Memory leak on trpo algorithm(pytorch) #2342

@MinchoU

Description

@MinchoU

Hi. I'm currently developing some other algorithm using TRPO. I found that the training keeps failing after certain epochs because of CUDA out of memory error. At first I thought this was my fault, but I figured out that example code that is given in trpo_pendulum.py also leaks memory too. I guess this happens on policy optimization step when calculating Hessian, but I'm not sure. This is example code that I modified from trpo_pendulum.py I used for gpu utilization.

#!/usr/bin/env python3
"""This is an example to train a task with TRPO algorithm (PyTorch).

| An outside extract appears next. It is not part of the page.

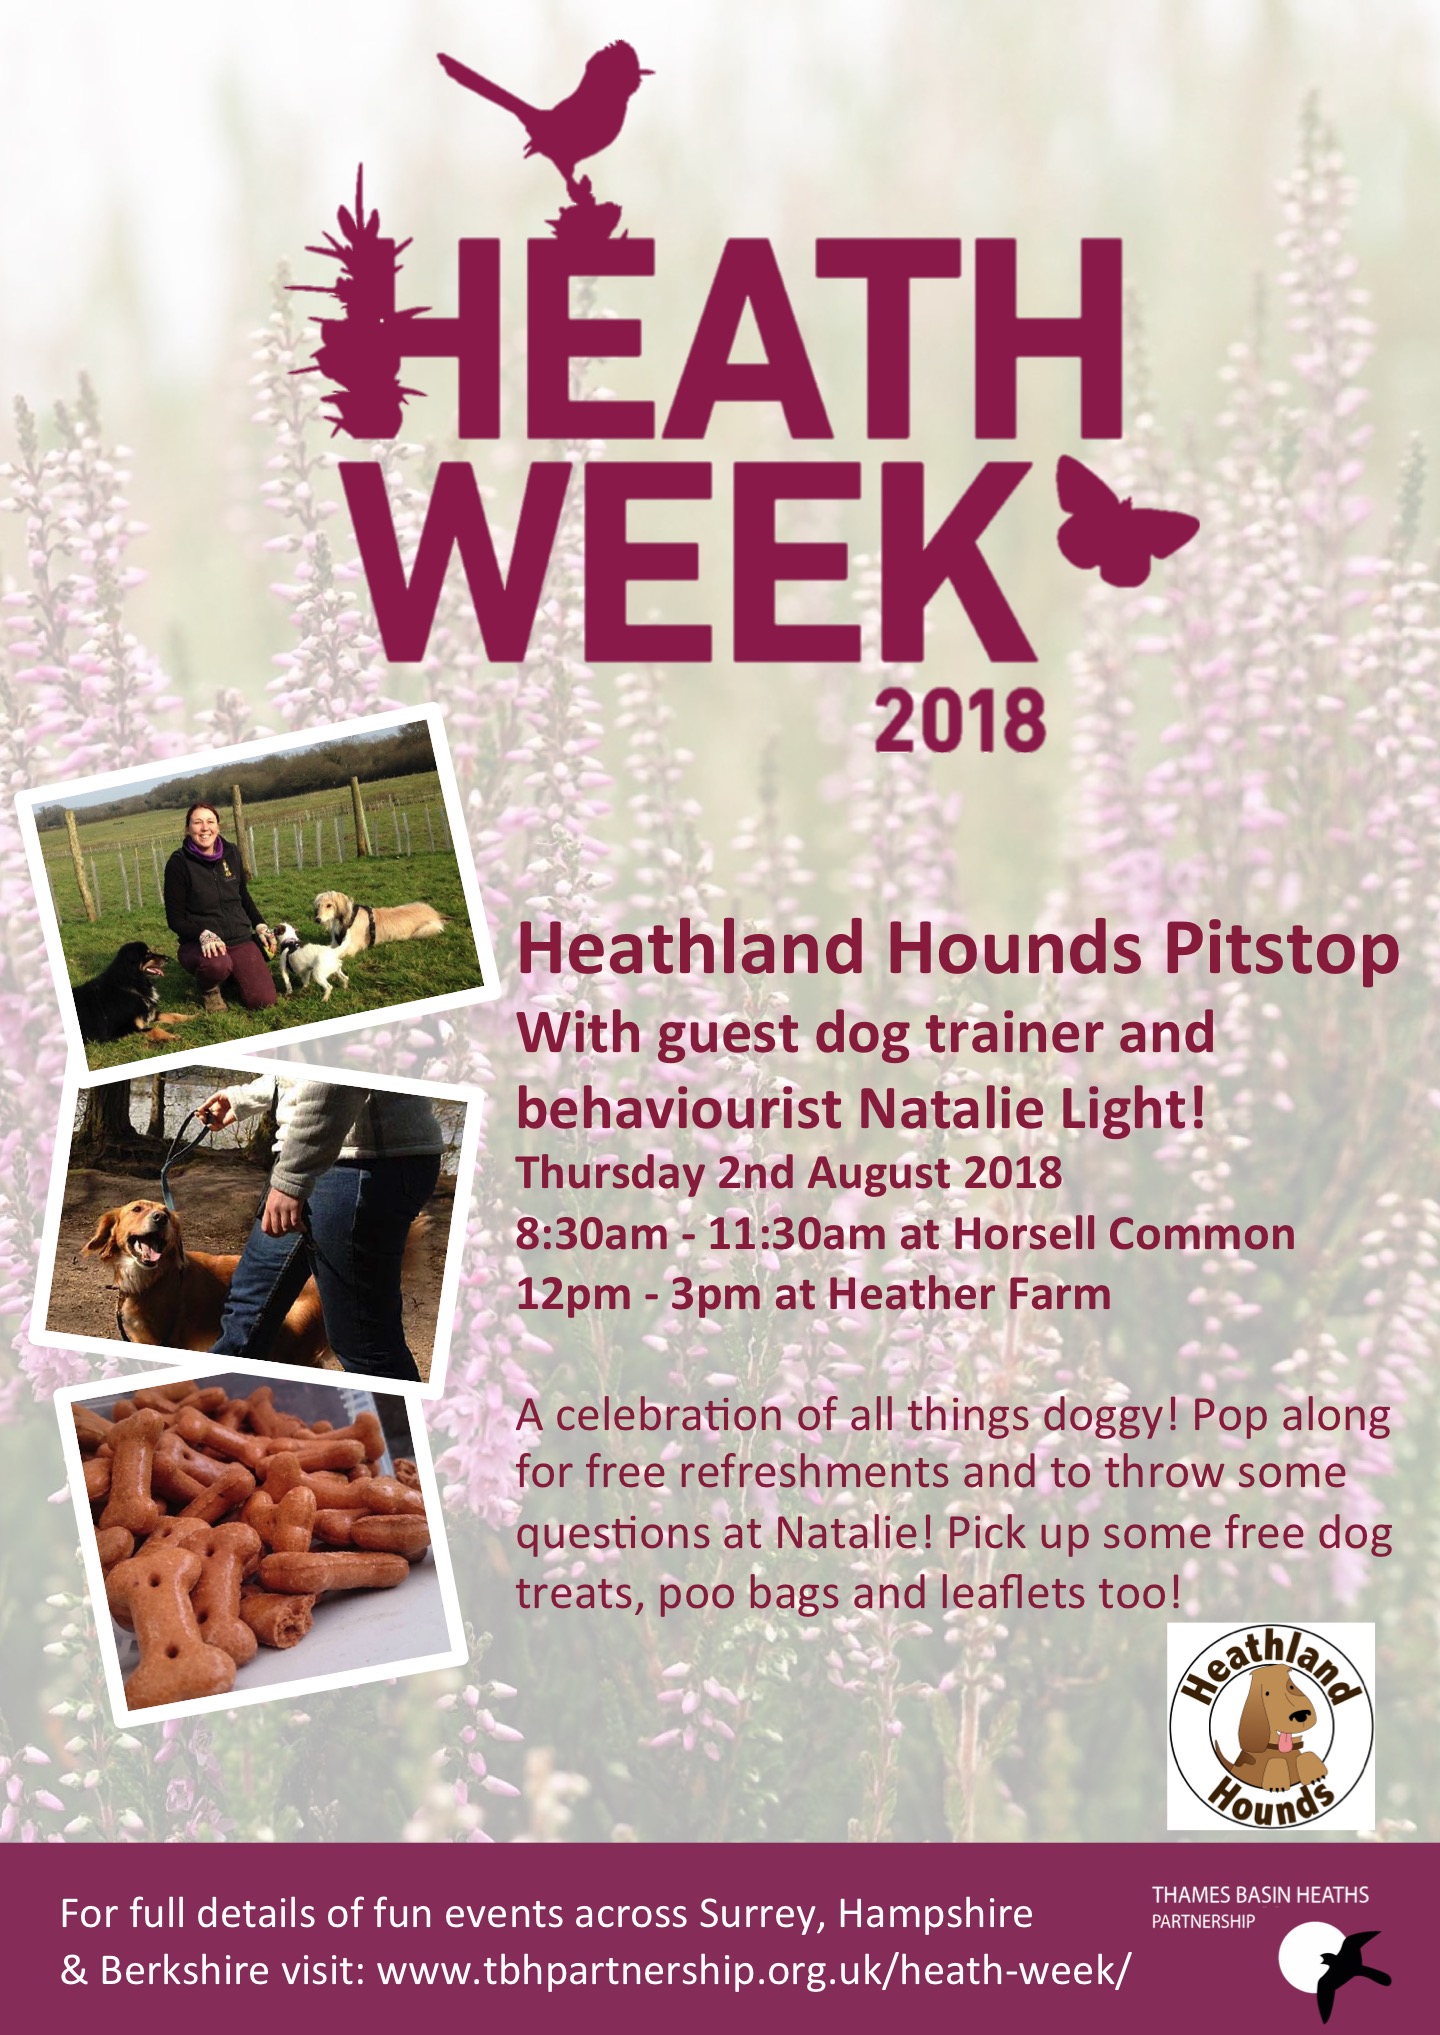 Heath Week poster for Heathland Hounds event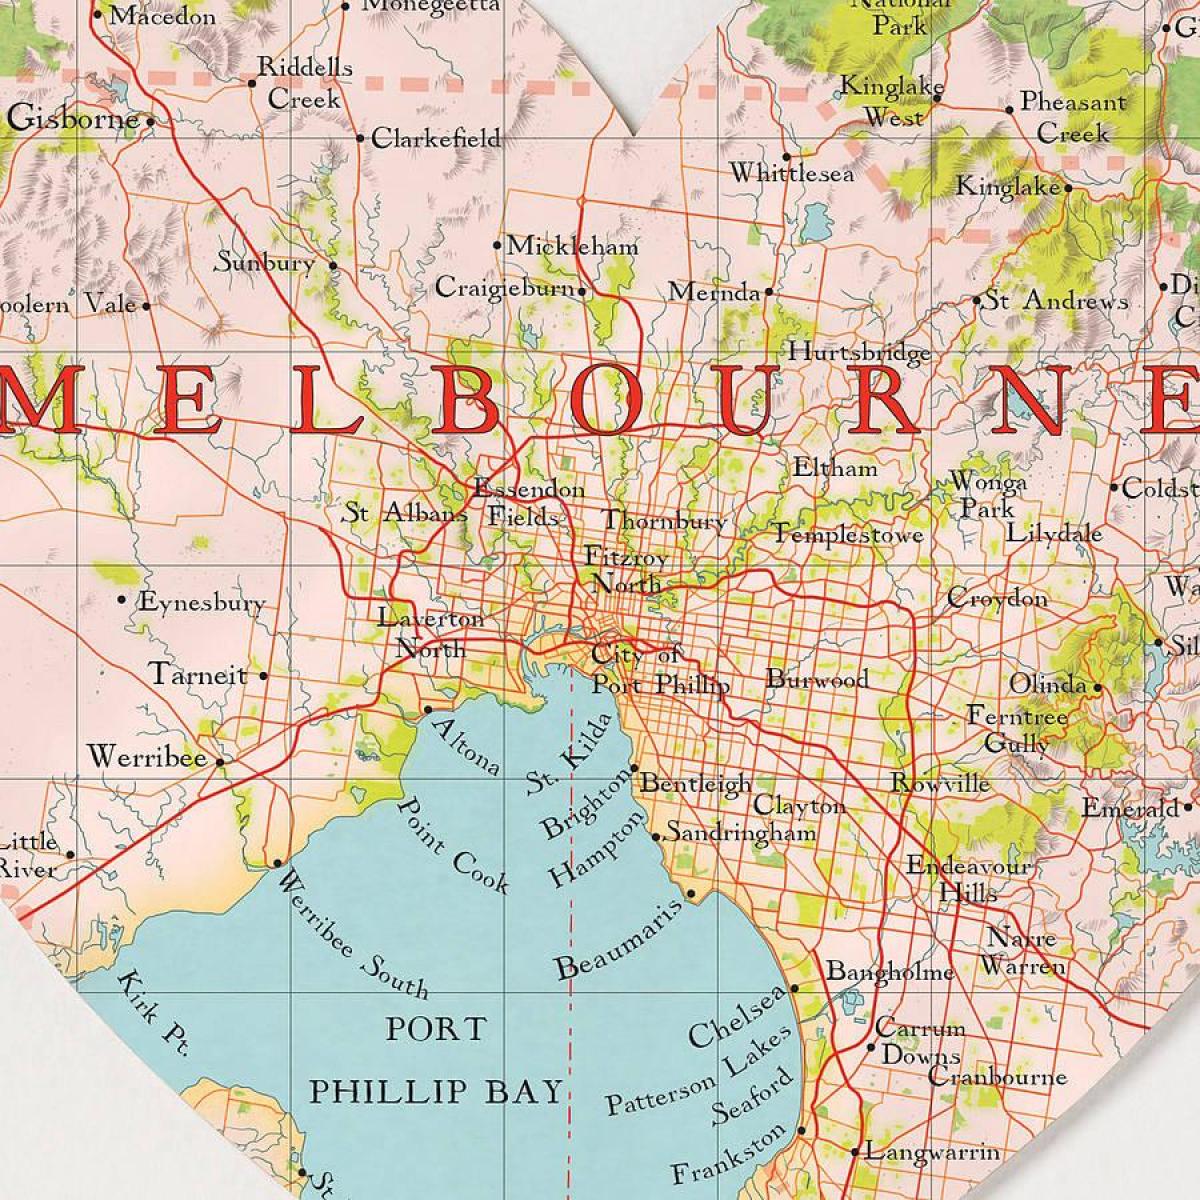 Melbourne harta lumii

Here it runs InvertedDoublePendulum-v2 environment with 100 iterations.
"""
import torch

from garage import wrap_experiment
from garage.envs import GymEnv
from garage.experiment.deterministic import set_seed
from garage.sampler import LocalSampler
from garage.torch.algos import TRPO
from garage.torch.policies import GaussianMLPPolicy
from garage.torch.value_functions import GaussianMLPValueFunction
from garage.trainer import Trainer

from garage.torch import set_gpu_mode
set_gpu_mode(False)
torch.set_num_threads(1)
if torch.cuda.is_available():
    set_gpu_mode(True)
torch.multiprocessing.set_start_method('spawn')

@wrap_experiment
def trpo_pendulum(ctxt=None, seed=1):
    """Train TRPO with InvertedDoublePendulum-v2 environment.

    Args:
        ctxt (garage.experiment.ExperimentContext): The experiment
            configuration used by Trainer to create the snapshotter.
        seed (int): Used to seed the random number generator to produce
            determinism.

    """
    set_seed(seed)
    env = GymEnv('InvertedDoublePendulum-v2')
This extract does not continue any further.